It is an extremely steep learning curve and you are always learning. Thankfully, some of the derm stuff doesn't get biopsied very often so you don't have to worry about it as much. I think the best dermpaths keep pushing to learn more derm as they practice by attending grand rounds, interacting with dermatologists, etc. How much dermapth you get in residency varies a lot by program. Many do virtually no dermatopathology as it is separated out into the derm department. I was lucky and had a fair bit in residency. My fellowship really emphasized the clinical part and I'm thankful for that.
 
It doesn't. A good lab can get slides made in 24-48 hours after accessioning a specimen. If it is a teaching hospital, you may need to add a day for residents to go through the case. A diagnosis should come the next day. Sometimes additional immunohistochemistry is needed, which adds another day or two of processing, but a prelim of cancer/not cancer is almost always possible before IHCs are done processing.

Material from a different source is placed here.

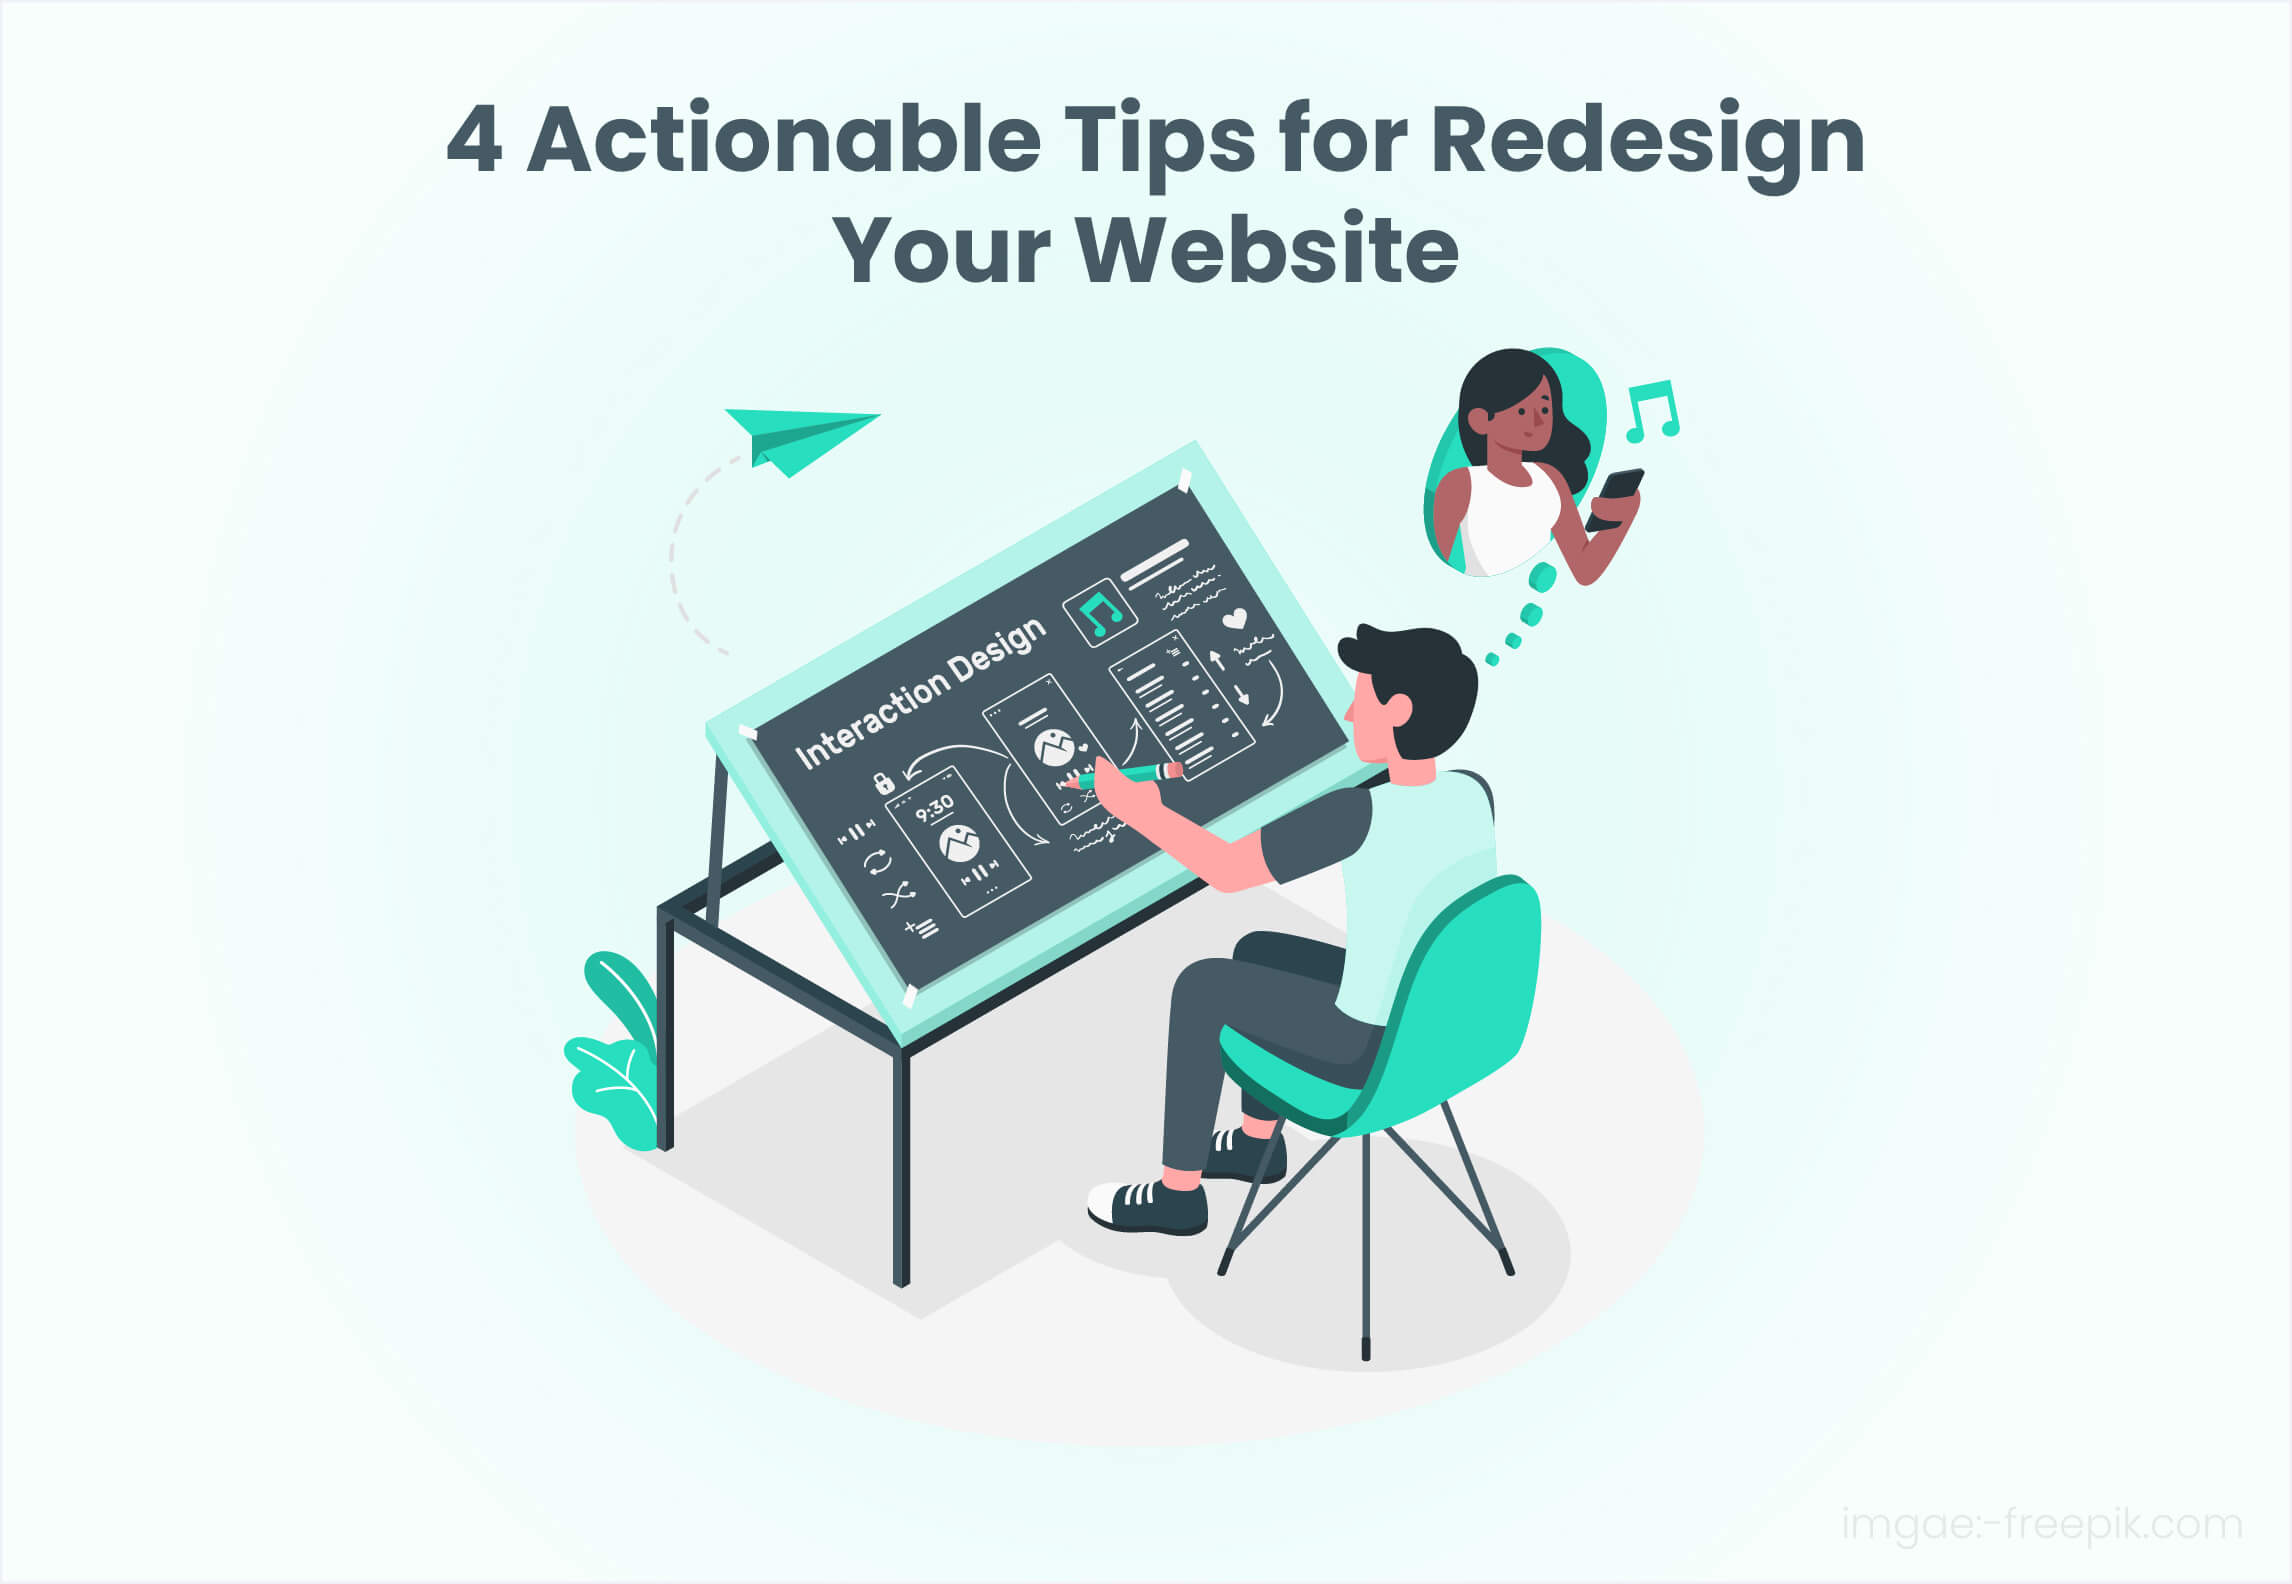 Top 4 Actionable Tips for Redesign Your Website.

If you haven't done a residency in dermatology and don't have a board certification in dermatology you can't claim to be a dermatologist. Technically any specialty can open up a clinic, see patients, and do whatever procedures they feel like. You are opening yourself up to a ton of liability, however, if you make a mistake and are practicing outside the scope of your specialty/training. A pathologist is definitely not qualified to practice dermatology (even with a fellowship in dermatopathology).



Pathologists do procedures, but not many. The most common are FNAs. Some pathologists also do bone marrow biopsies, but this varies a lot based on region and whether there are heme/onc fellows at your institution. You could consider autopsies a procedure, but despite common belief, most pathologists do not enjoy doing autopsies. We definitely don't do surgery.



I don't really understand the question. It is uncommon to be uninterested in a biopsy. This usually occurs when it is clear that a clinician has taken a biopsy of something they have little understanding about and there are non-specific features on the slide. An example is a biopsy from a "rash" taken by a non-dermatologist and the biopsy shows borderline normal skin/scant perivascular inflammation. That type of thing doesn't do the patient any good.



I can't speak much to radiology, since that isn't my field. AI is very much in the infancy stages for pathology, so right now are the limitations are essentially that it doesn't exist. The closest thing is probably computers that screen PAP smears for abnormal areas. These areas are flagged and go to a tech who reviews them. The tech can toss many of these out as normal/no big deal and then forwards the more abnormal looking ones to a pathologist. In the future I think AI will help increase the productivity of pathologists and therefore will expand access to care. I am not worried that I will be replaced by a computer.
Autocorrect got me. Nerd out. Not need.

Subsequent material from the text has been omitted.